The project was based on the Pennsylvania German/Pennsylvania Dutch Folk Art known as Frakturs....Originating a few centuries ago, they were often family related and very personal pieces made by relatively untrained artists in a simple graphic style. I based mine on teaching at the University level for the first time. The transition was not easy. Sorry that the above image is blurry, but I did not really have the time to scan it in as two halves and try to piece them together. The below images were scanned in. As a Fraktur, the entire composition seems to work well but the intense design flourish within the squirrels was too much...way too much. I would definitely leave the squirrels grey if done again. I left the swirls in as a teachable moment for my students.
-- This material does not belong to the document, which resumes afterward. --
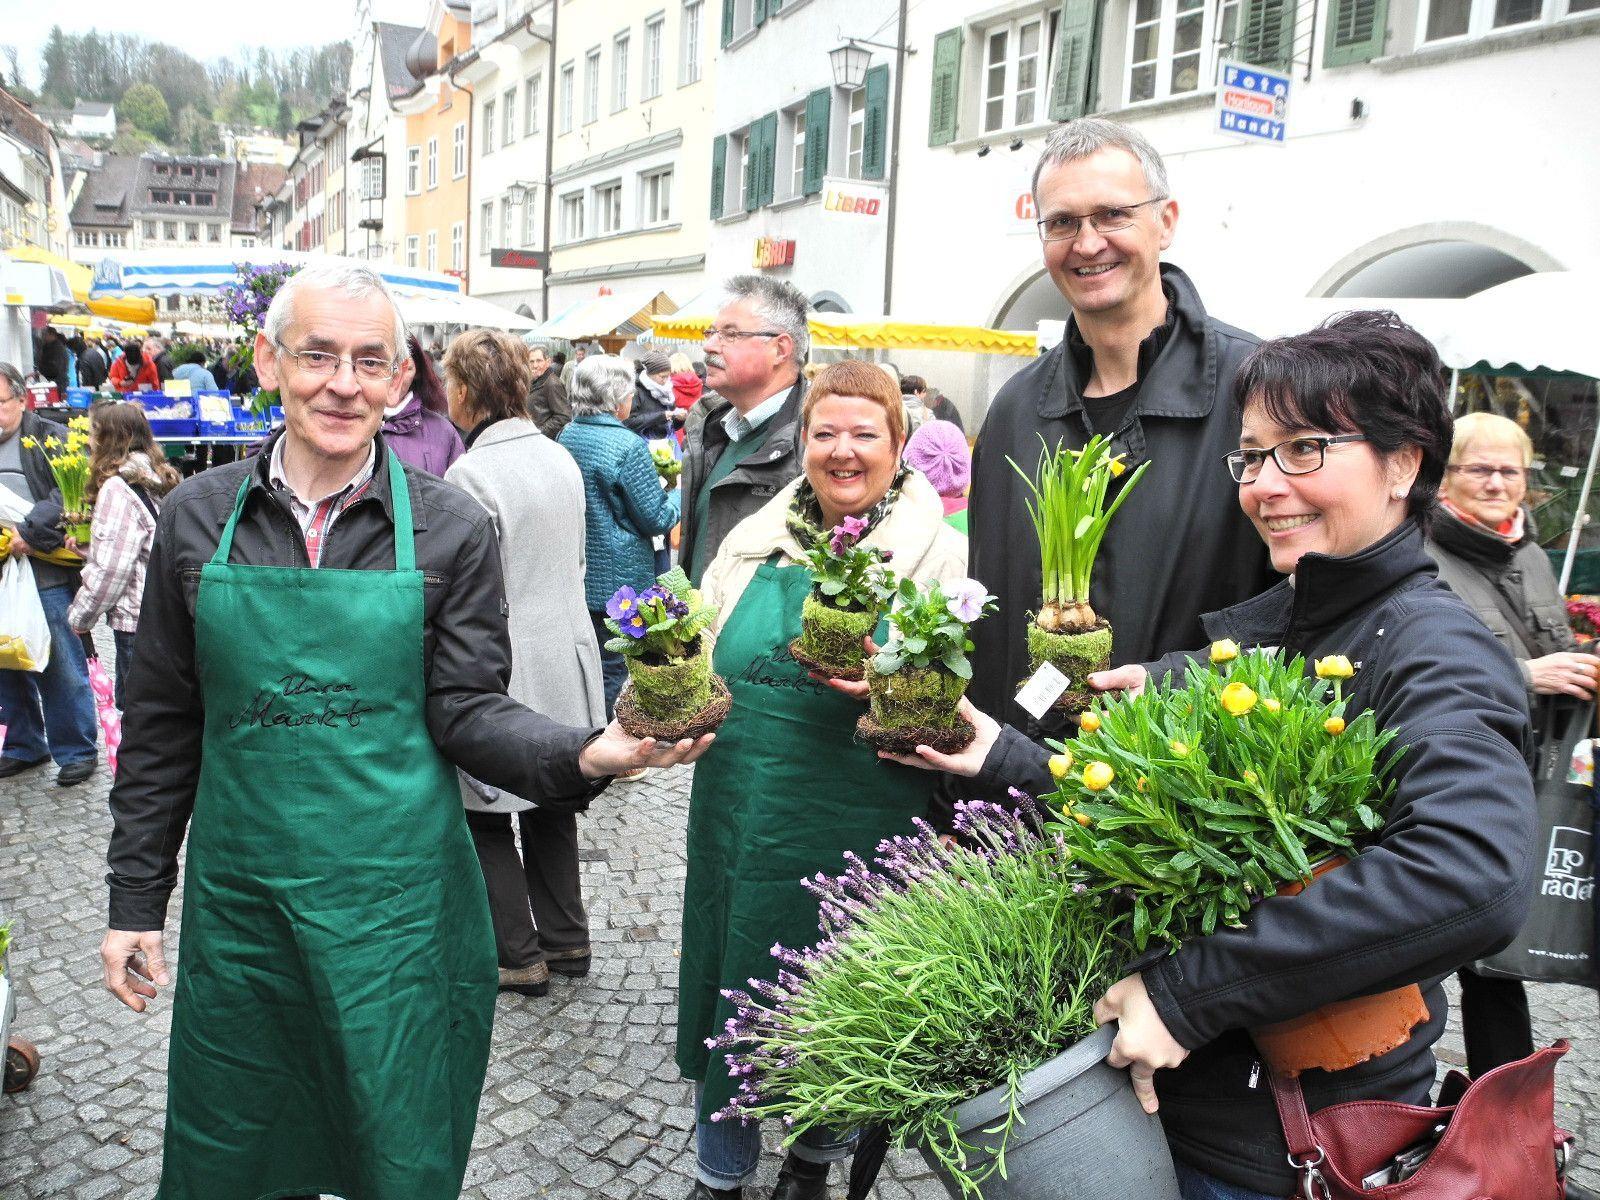 (l.) "Quadro Ernst" und seine Kollegin Karin Fink verteilten im Namen der Stadt Oster-Blumen-Grüße an die Marktbesucher
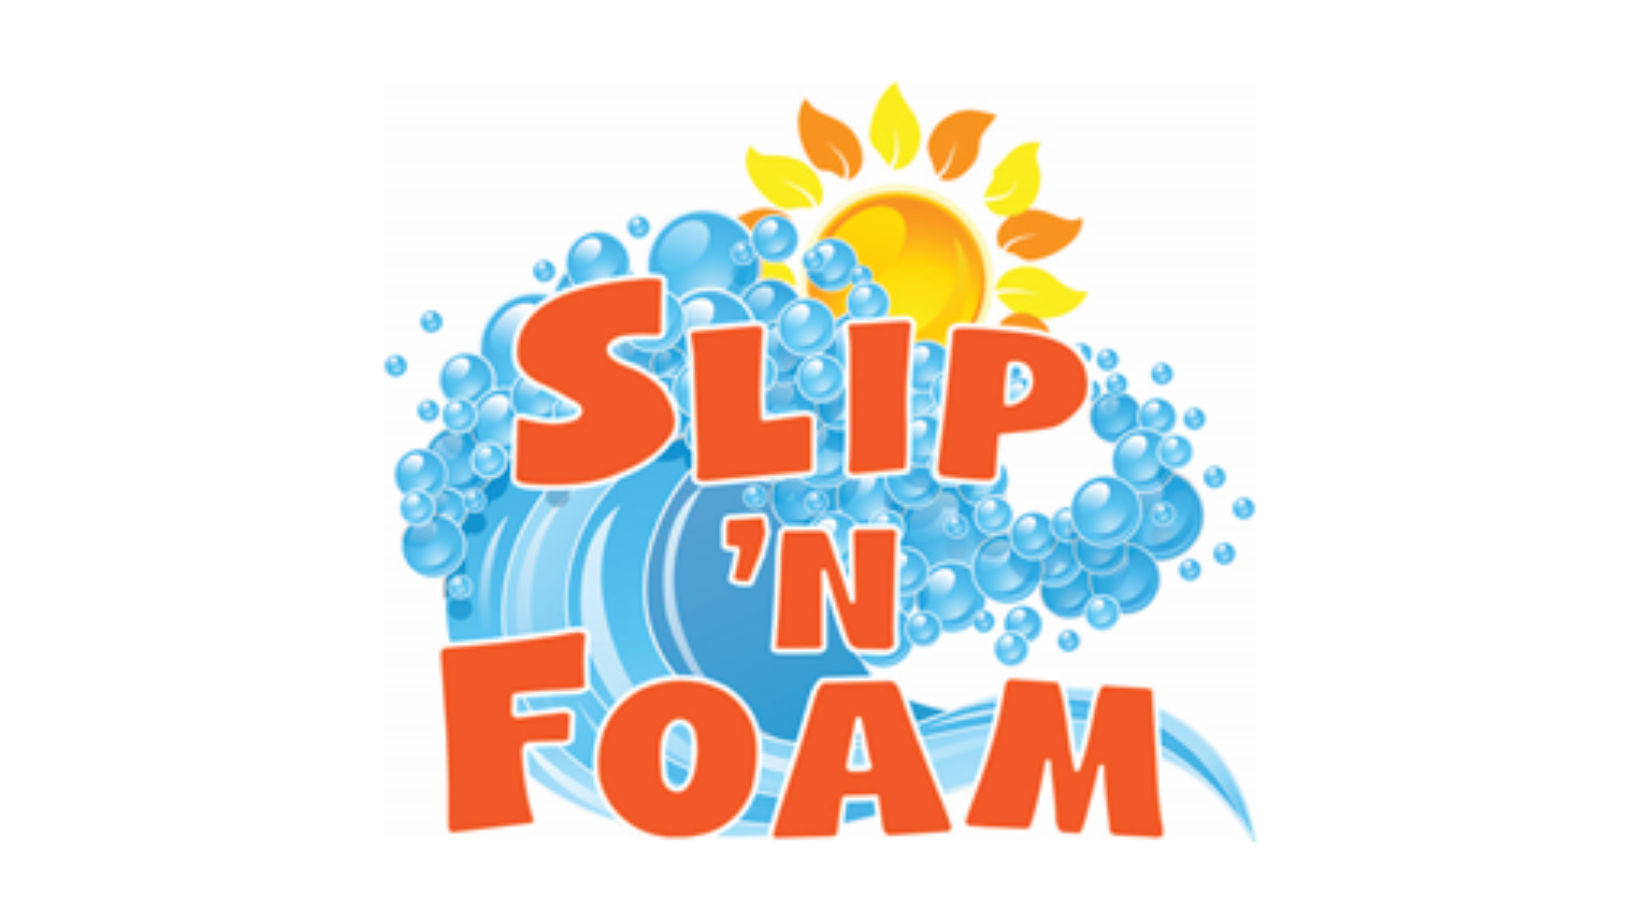 Slip 'n Foam Event

I did not get around to redoing the project, but there didn't seem to be a point in taking that time. It began as a demonstration of how to handle the project and I guess it will stay that way. Showing students imperfections is just as important as showing them excellence (and NO, this is not just an excuse to go lazy on a possible redo). Students should be able to recognize the flaws in their own work with the same ease as they see it in others. I think if I was considering hanging a finished product in the house, the redo would have been produced with simplified squirrels.
I really liked the sweaters (they were supposed to represent my children) and the type. I regularly and affectionately refer to my children as "squirrel boy" and "squirrel girl".
I did some straight forward aging with watercolor and attempted to keep the spacing and the design simplified. I did not try and over-draw anything. The overlapping of objects was purposely minimized and the parts really remain as individual parts.